Problem
If you see a picture in the data below, omit it and copy the rest exactly.

Data section
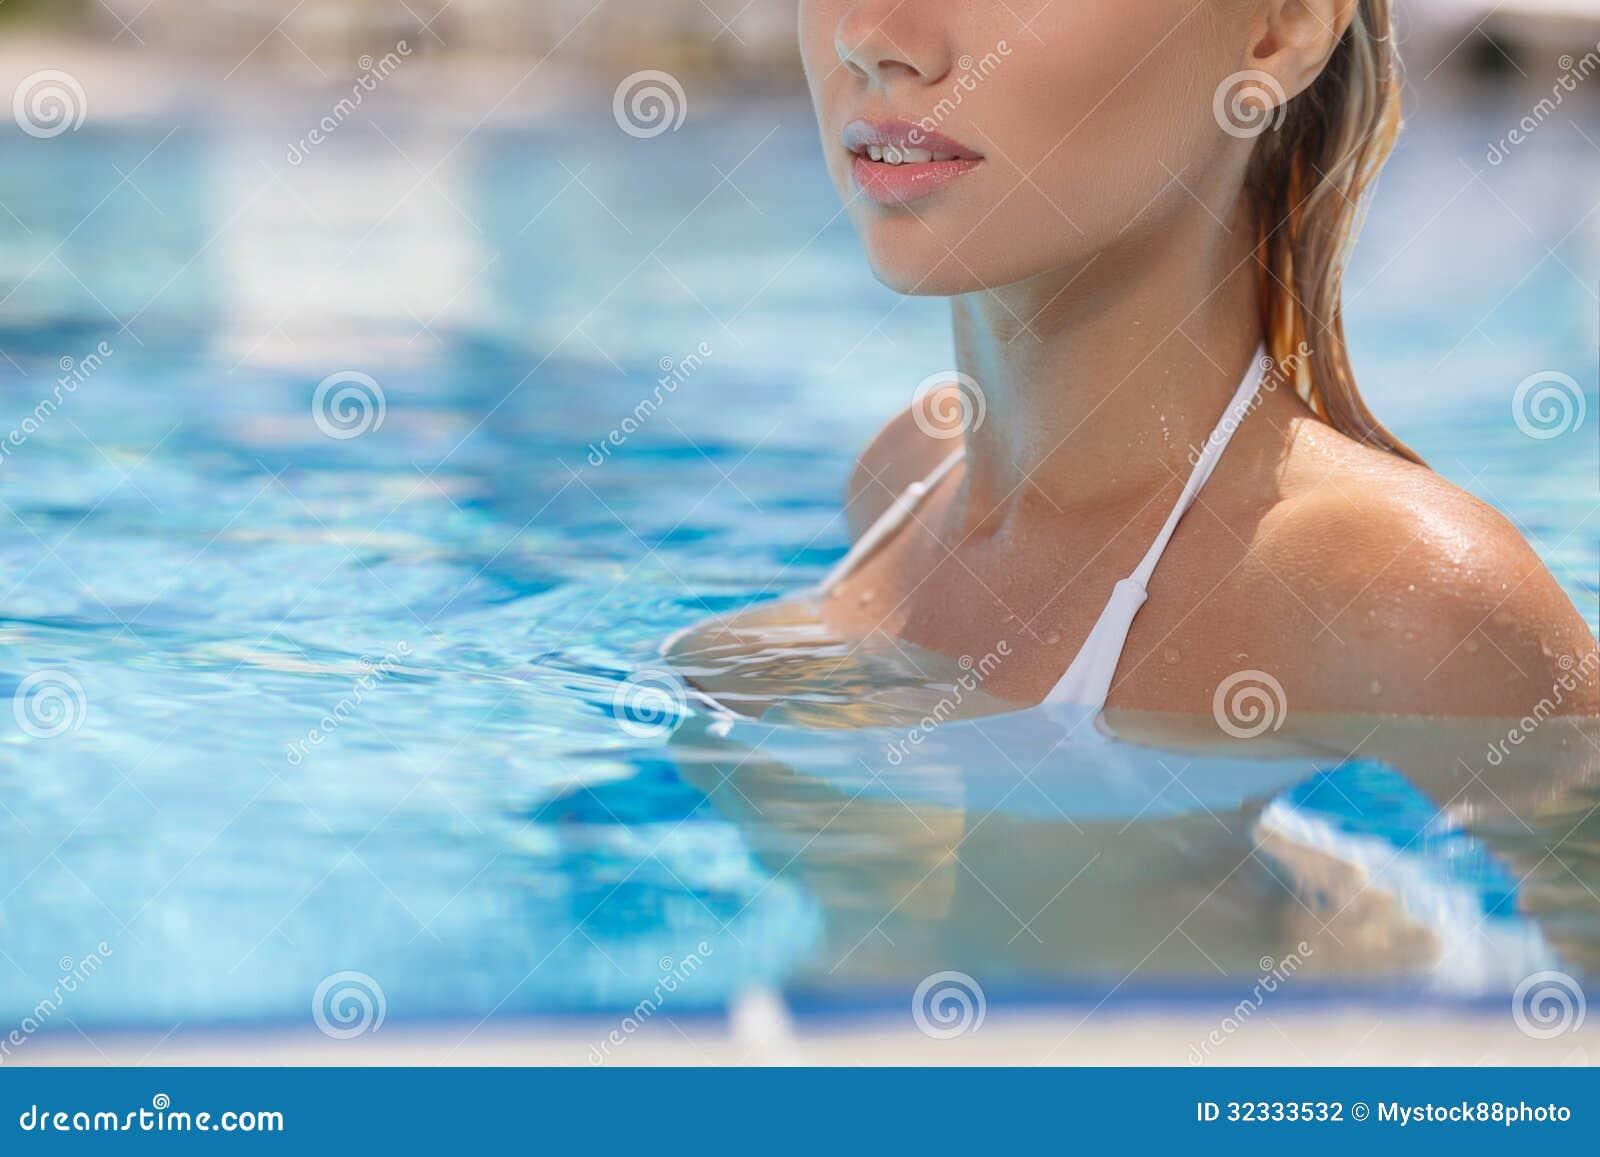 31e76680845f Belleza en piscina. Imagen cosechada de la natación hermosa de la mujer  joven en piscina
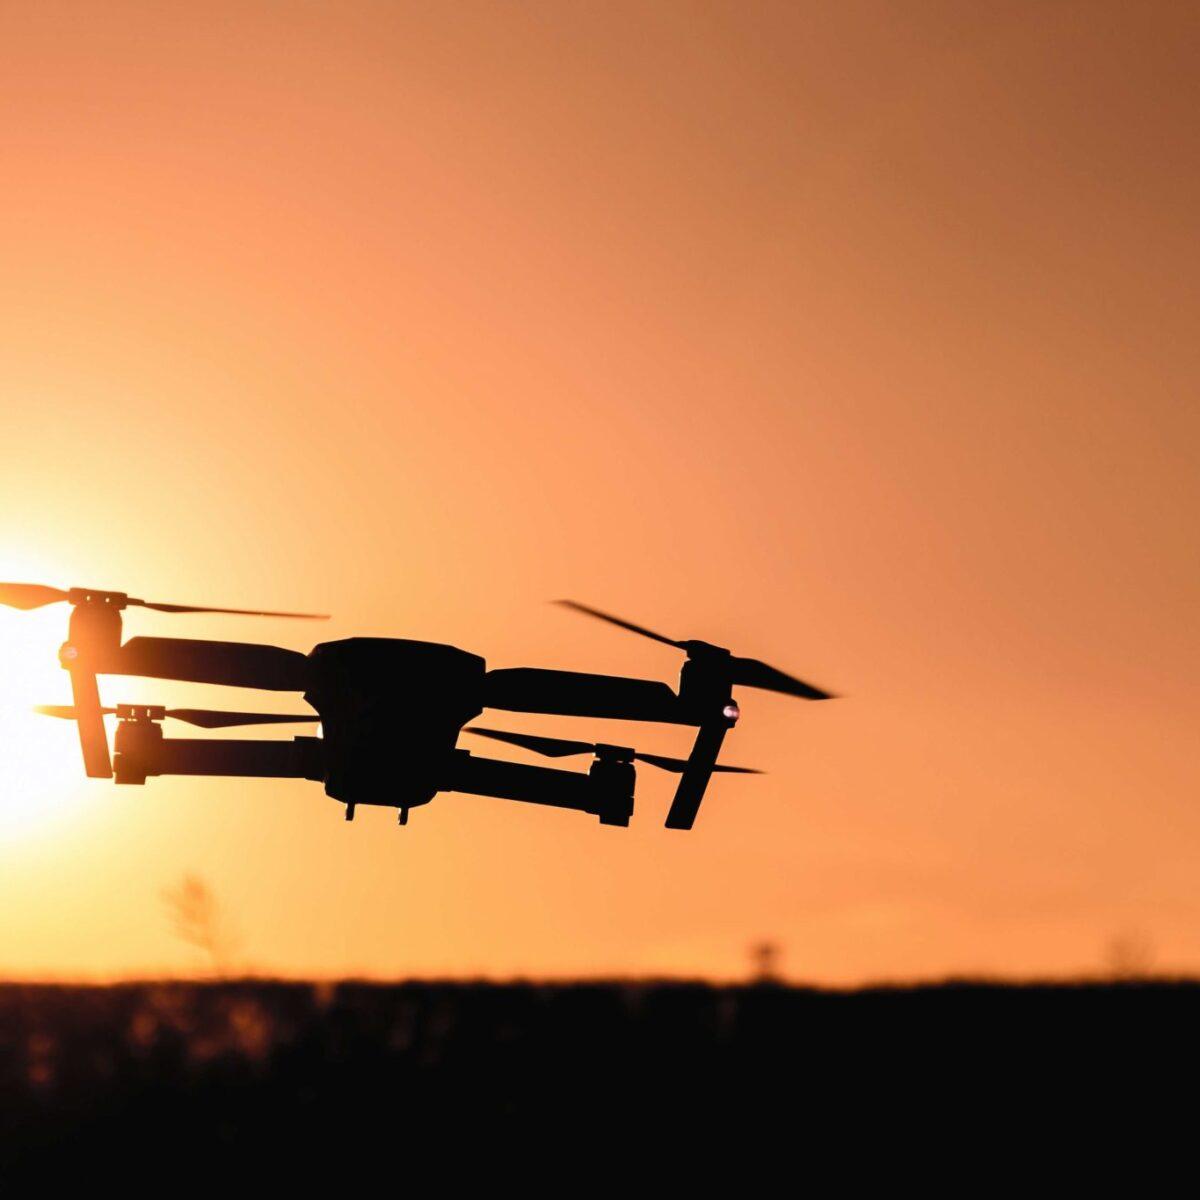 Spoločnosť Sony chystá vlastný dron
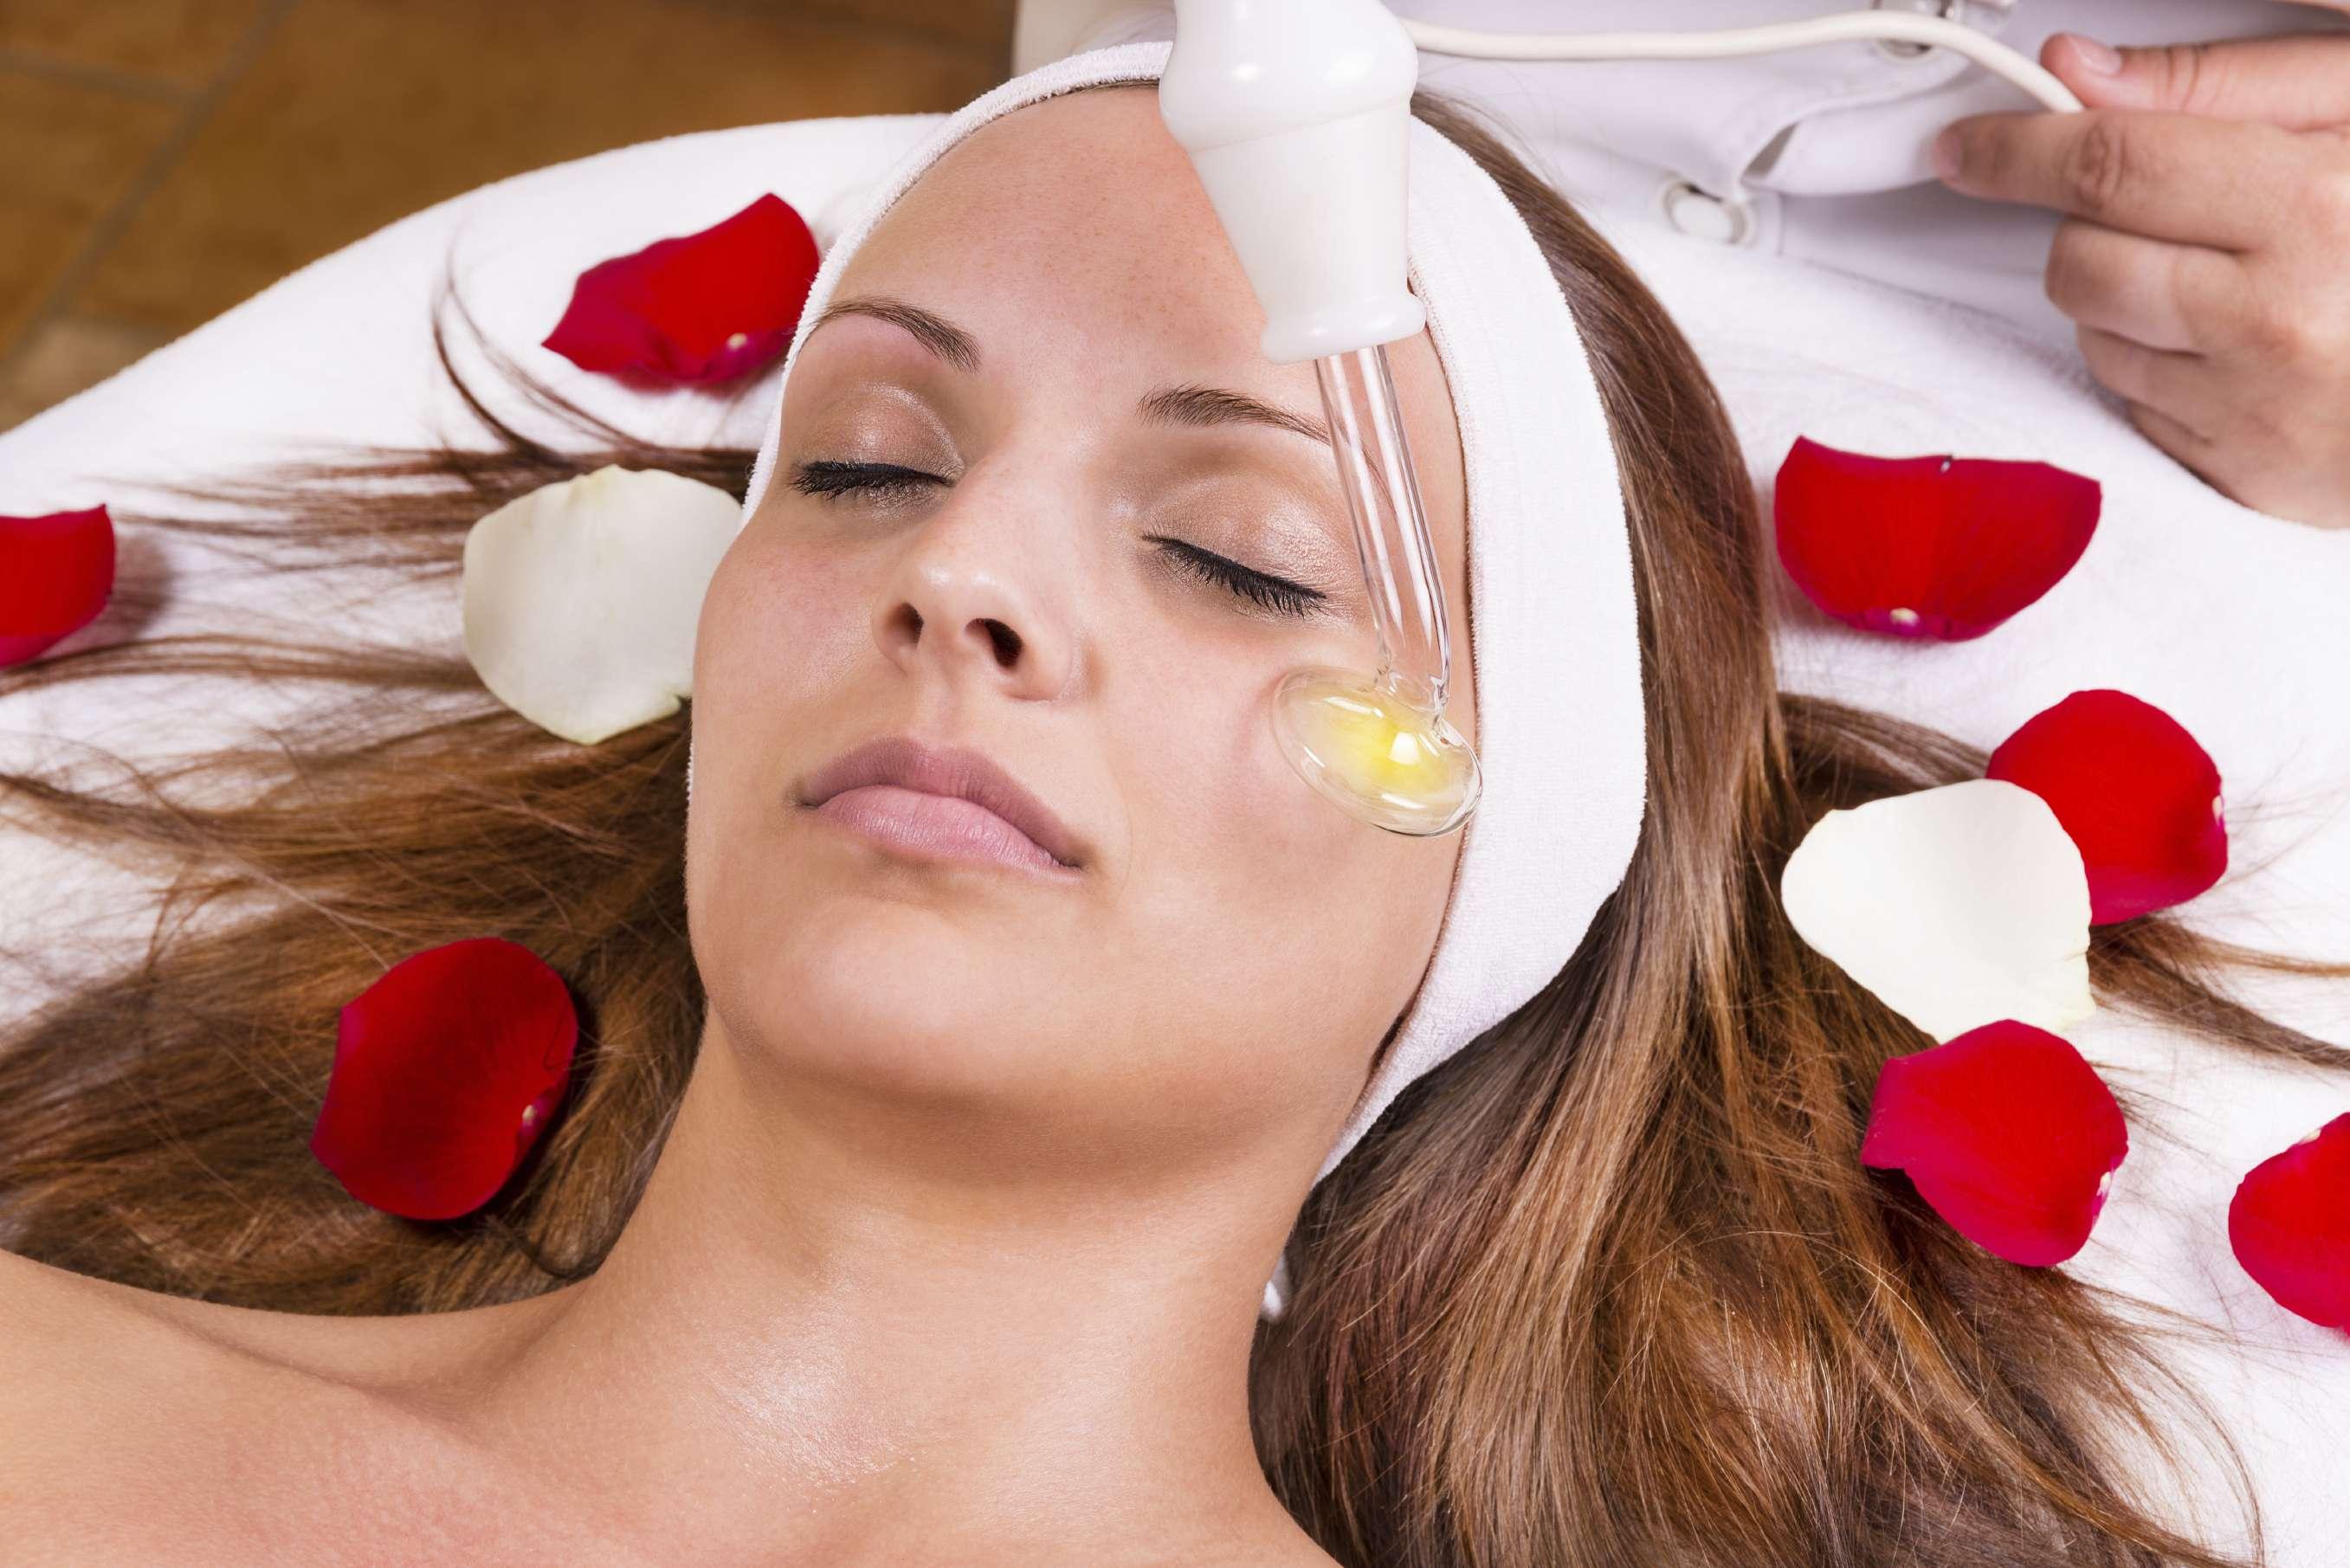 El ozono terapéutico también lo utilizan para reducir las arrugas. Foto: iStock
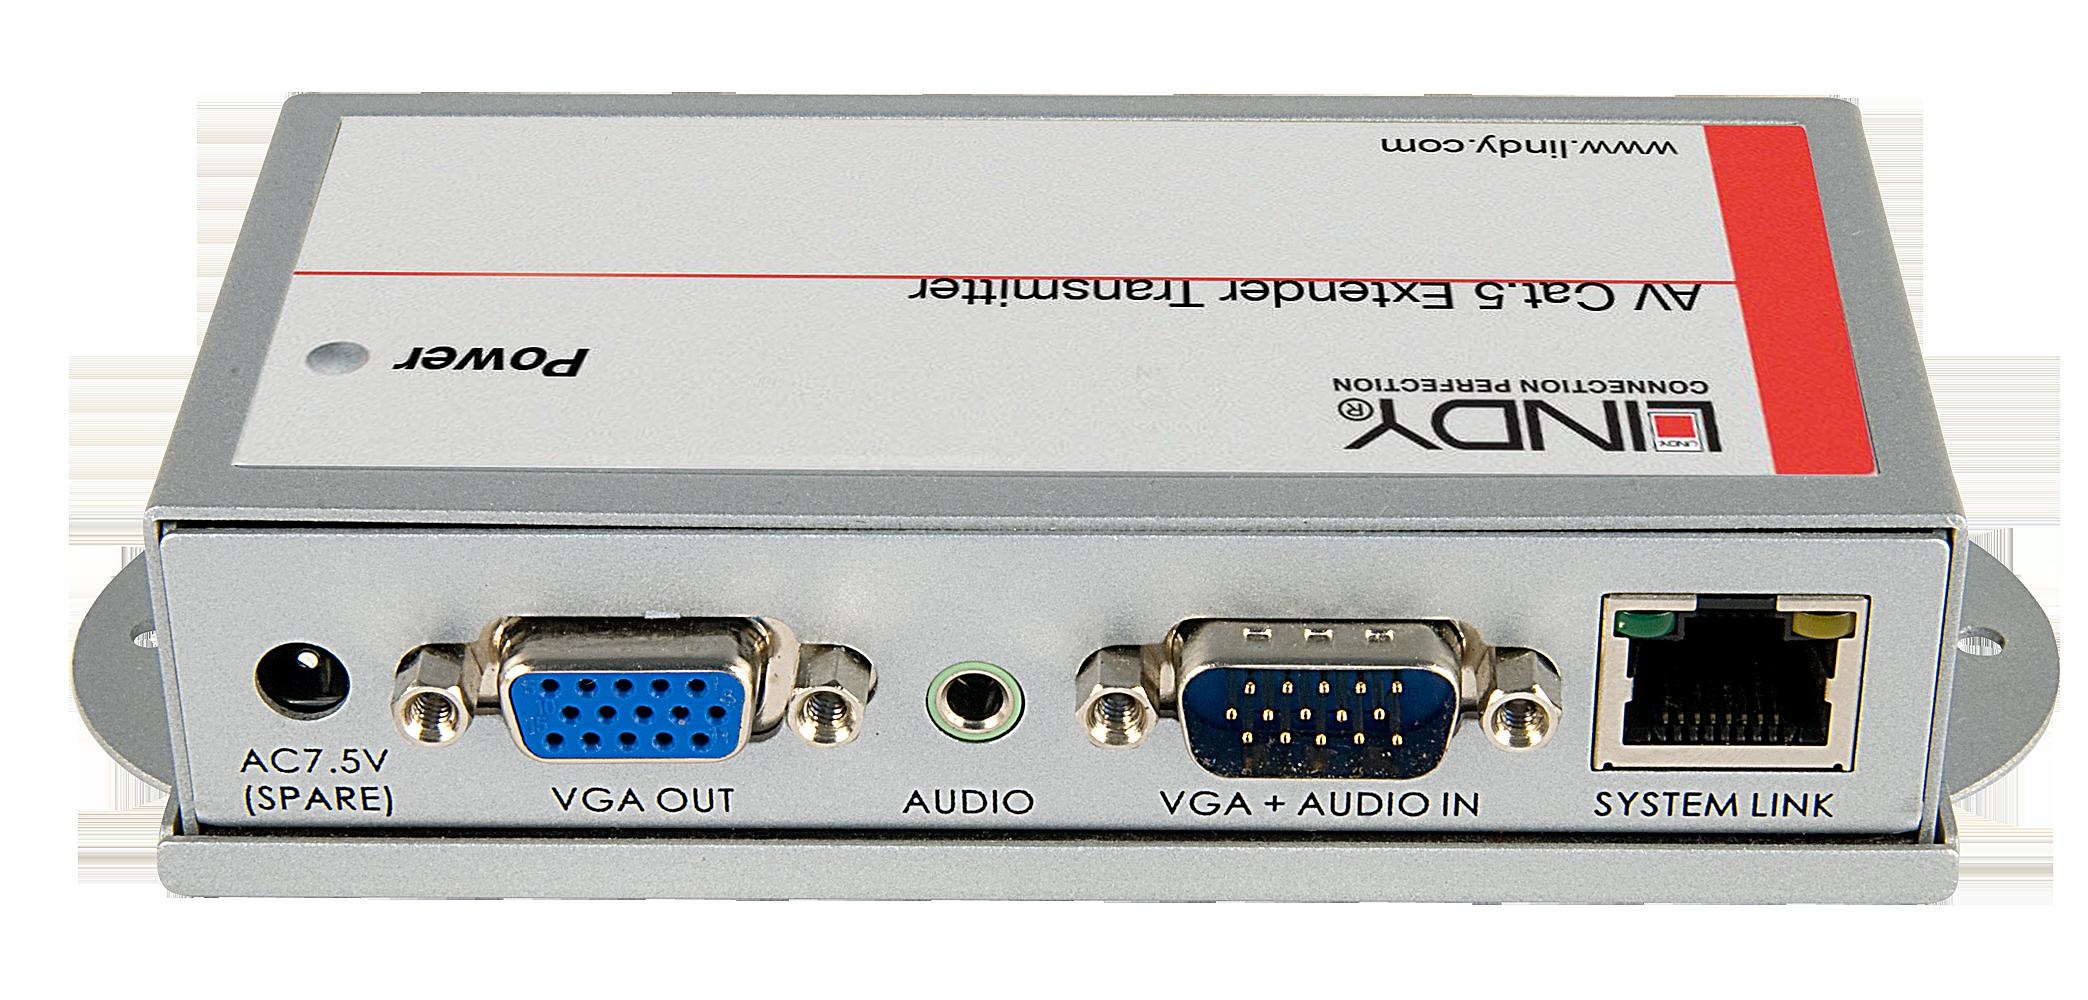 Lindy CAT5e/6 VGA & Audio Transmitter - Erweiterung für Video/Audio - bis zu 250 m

Answer box
 31e76680845f Belleza en piscina. Imagen cosechada de la natación hermosa de la mujer  joven en piscina
 Spoločnosť Sony chystá vlastný dron
 El ozono terapéutico también lo utilizan para reducir las arrugas. Foto: iStock
 Lindy CAT5e/6 VGA & Audio Transmitter - Erweiterung für Video/Audio - bis zu 250 m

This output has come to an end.